The case of pharmaceutical firm Pfizer Inc's $160 billion takeover of rival Allergan PLC for example was scrapped after it ran in to political opposition over the issue of the biggest drug company in the United States moving to Ireland to lower its taxes. While not naming the company or the deal, a new set of rules by the U.S. Treasury unveiled recently had provisions that targeted a specific feature of their agreement and prompted both parties to walk away from what would have been the second-largest deal of all time.
Apart from a number of legal challenges to big transactions such as Halliburton Co's takeover of rival oil services company Baker Hughes Inc on antitrust grounds, this move by the Obama administration to suddenly change the rules has sent a chilling message to dealmakers at Wall Street.
The present environment of political uncertainty and antitrust concerns translates to firms taking a rethink about future tie-ups which have the potential to consolidate industries and move tax dollars offshore.
"As uncertainty increases on multiple fronts, companies are markedly more cautious and the number of transformational deals worth $10 billion or more has significantly dropped this quarter compared to last year," said Luigi Rizzo, head of mergers and acquisitions (M&A) for Europe, the Middle East and Africa at Bank of America Merrill Lynch.
A message to company bosses about the risks of attempting to move their tax addresses overseas has been sent even as the new U.S. rules do not directly affect most inversion deals, in which an American company buys a foreign counterpart and then moves abroad to lower its tax bill.
According to people familiar with the internal deliberations between the possible deal between Intercontinental Exchange Inc, the U.S. exchange and the London Stock Exchange Group PLC where the former is bidding for a takeover of the later said that any possible deal for the LSE as an inversion, despite it being possible to do so, has been ruled out, said media reports.
No comment was forthcoming from the Intercontinental Exchange.

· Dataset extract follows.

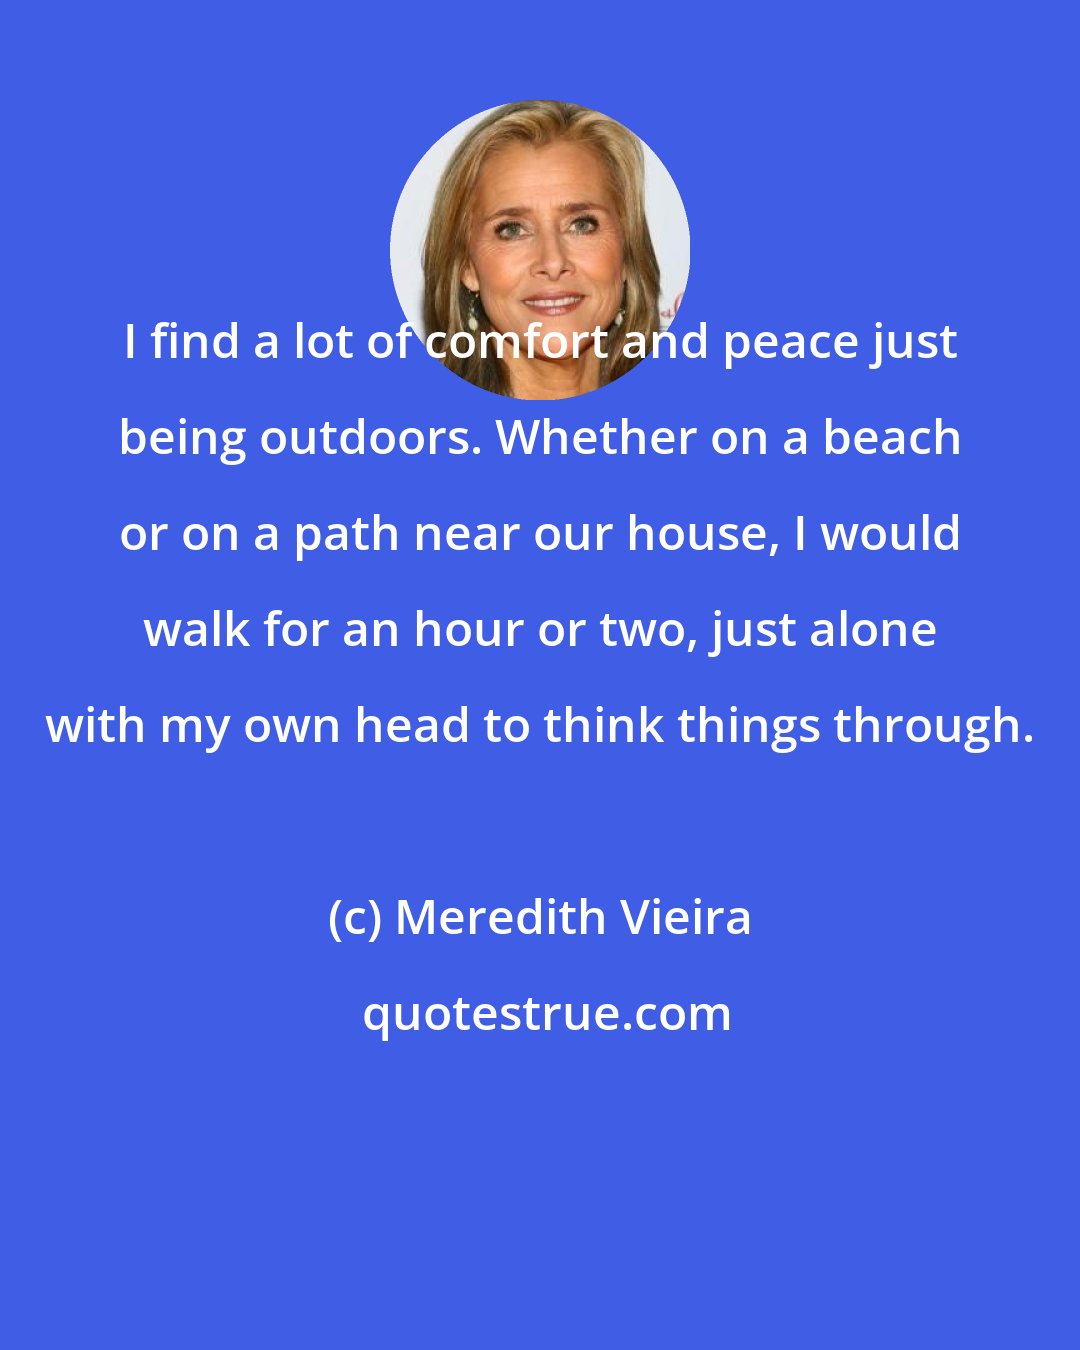 Meredith Vieira: I find a lot of comfort and peace just being outdoors. Whether on a beach or on a path near our house, I would walk for an hour or two, just alone with my own head to think things through.

The new tax rules were unveiled this week were the Obama administration's third effort to stop U.S. companies renouncing their American citizenship but they are only a temporary stopgap.
"We have succeeded in making it significantly harder for companies to strike inversion deals and redomicile overseas," said U.S. congressman Peter Welch. "But we still need action in Congress."
What has made deals all the more difficult to strike is the fact that it is the US Presidential election year which will take place later this year and there is much uncertainty about what shape such legislation would take.
Thompson Reuters data shows that in 2015, the total M&A deals that were inked were valued at $4.6 trillion. Of these there were 18 individual deals that were valued at more than $30 billion compared with seven deals worth more than $30 billion in 2014
However increased scrutiny by antitrust officials was the result of greater consolidation. This became evident after U.S. government filed a lawsuit to stop Halliburton from buying Baker Hughes. The government alleged that the combination of the No. 2 and No. 3 oil services companies would lead to higher prices in the sector.
"It isn't just the number of proposed deals that makes this a unique moment in antitrust enforcement; it's their size and their complexity. This represents a remarkable shift toward consolidation and it presents unique challenges to federal enforcers in our work to maintain markets that serve not just top executives and majority shareholders, but every American," U.S. Attorney General Loretta Lynch said in a speech.